Discussion in 'The Watercooler' started by SomewhereOutThere, May 26, 2015.

  1. SomewhereOutThere

    SomewhereOutThere Well-Known Member

    Well, it's the time of year that one of my dogs gets blotchy, itchy skin.

    If any of you have dogs who seem to seasonally break out and then bite and lick their skin, can you tell me what you use that seems to work? I feel so sorry for him.
     
  2. donna723

    donna723 Well-Known Member

    This is the time of year when mine come down with fleas.
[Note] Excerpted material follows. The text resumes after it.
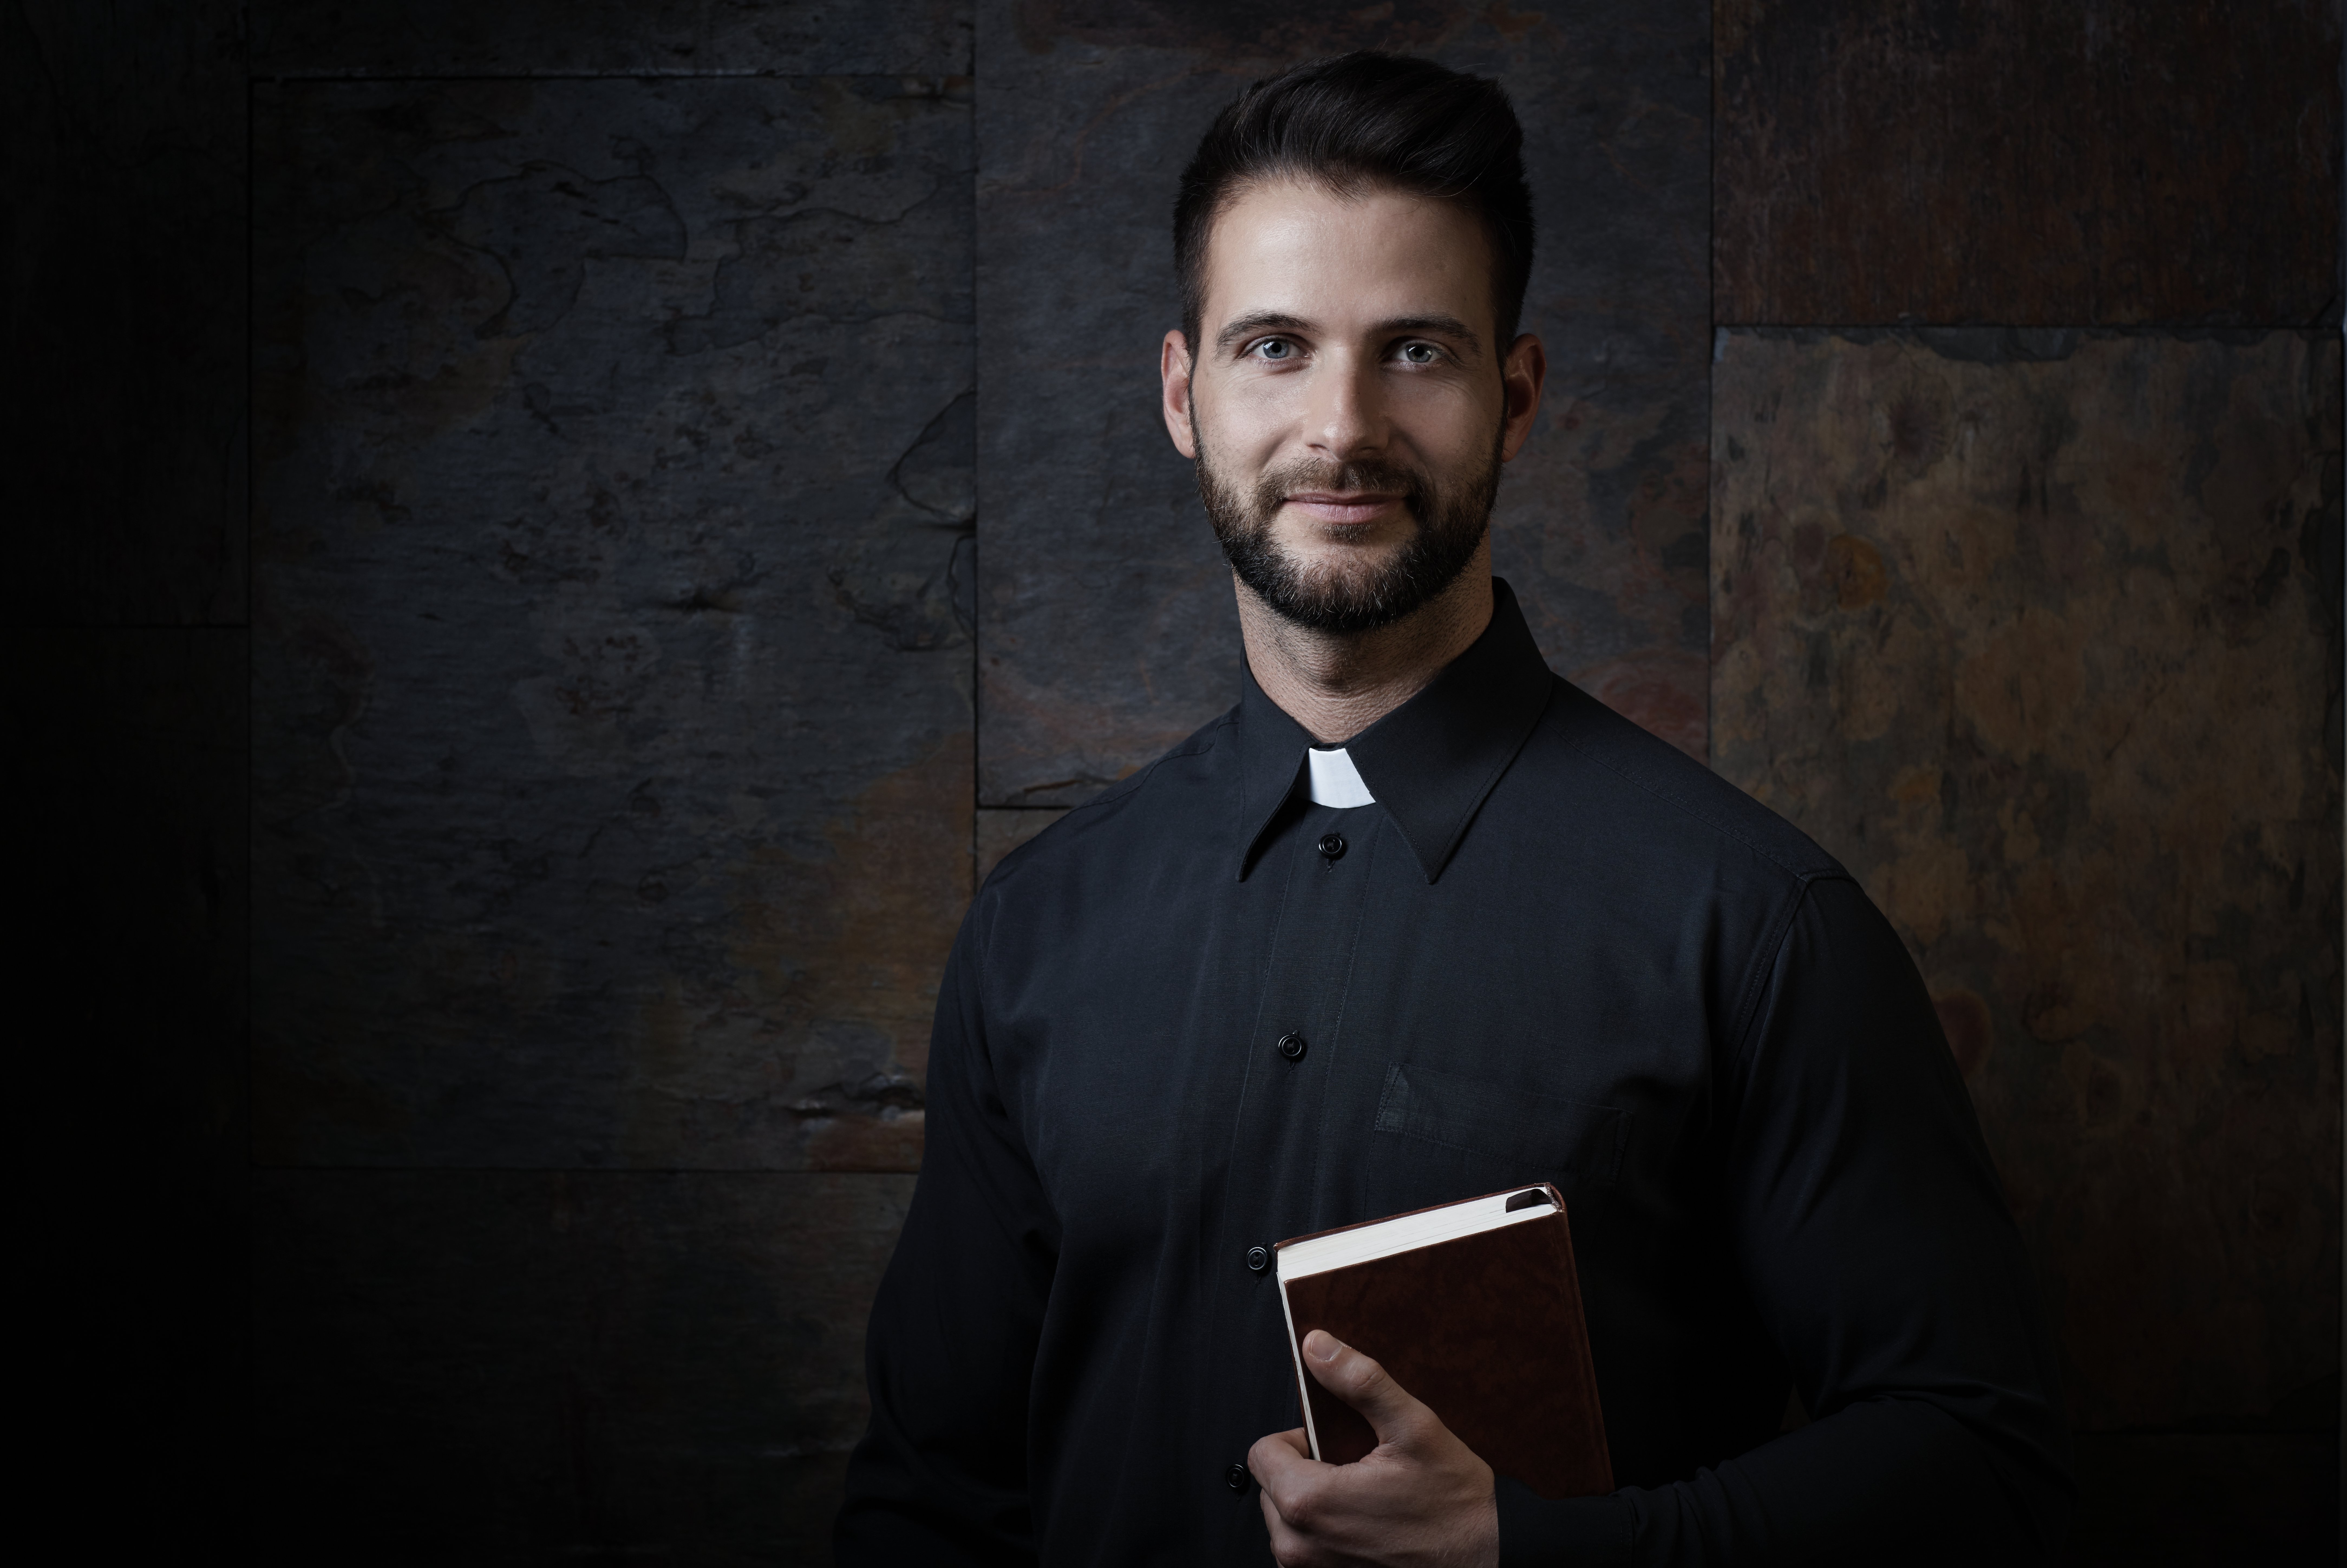 Priester | Quelle: Shutterstock

I don't have any home remedies (other than the old standby, the blue Dawn dish detergent) but that can possibly dry the skin even more and make them even more itchy. I get mine each a dose of Comfortis from the vet. Usually one dose is all it takes and the fleas don't come back. A lot of skin problems are caused by food allergies too. You might try a good grain-free food for a while and see if that makes a difference.
     
  3. Calamity Jane

    Calamity Jane Well-Known Member

    If you think it might be pollen-related, I've heard from other "dog moms' " that soothing oatmeal baths do the trick.
     
  4. JulieAnn

    JulieAnn Member

    Just had some experience with a product called Nu Stock. It's wonderful. They use it on horses, etc. I will even use it on me for a rash or any itchiness. After Lola gets a bath, I just dab it on the hot spots. Itch goes away immediately. Stinks but works beautifully. Amazon carries it, as well as feed stores.
     
  5. Scent of Cedar *

    Scent of Cedar * Well-Known Member

    Our little guy has allergies, too. I agree that it could be fleas. If that is not the problem, it could be allergies to pollen ~ the same kind of thing humans get when exposed to something we are allergic to, too. Claritin or benadryl are safe for our dogs. Call your vet to clarify dosage. Our vet told us that unless wheezing or itching are causing the animal to suffer, we do not need to treat. They are not like us, worrying about why they aren't breathing well, or why they are itching. Try benedryl first. If your dog becomes sleepy or lethargic, switch to claritin.

    Clarify with your vet before trying either medication, okay?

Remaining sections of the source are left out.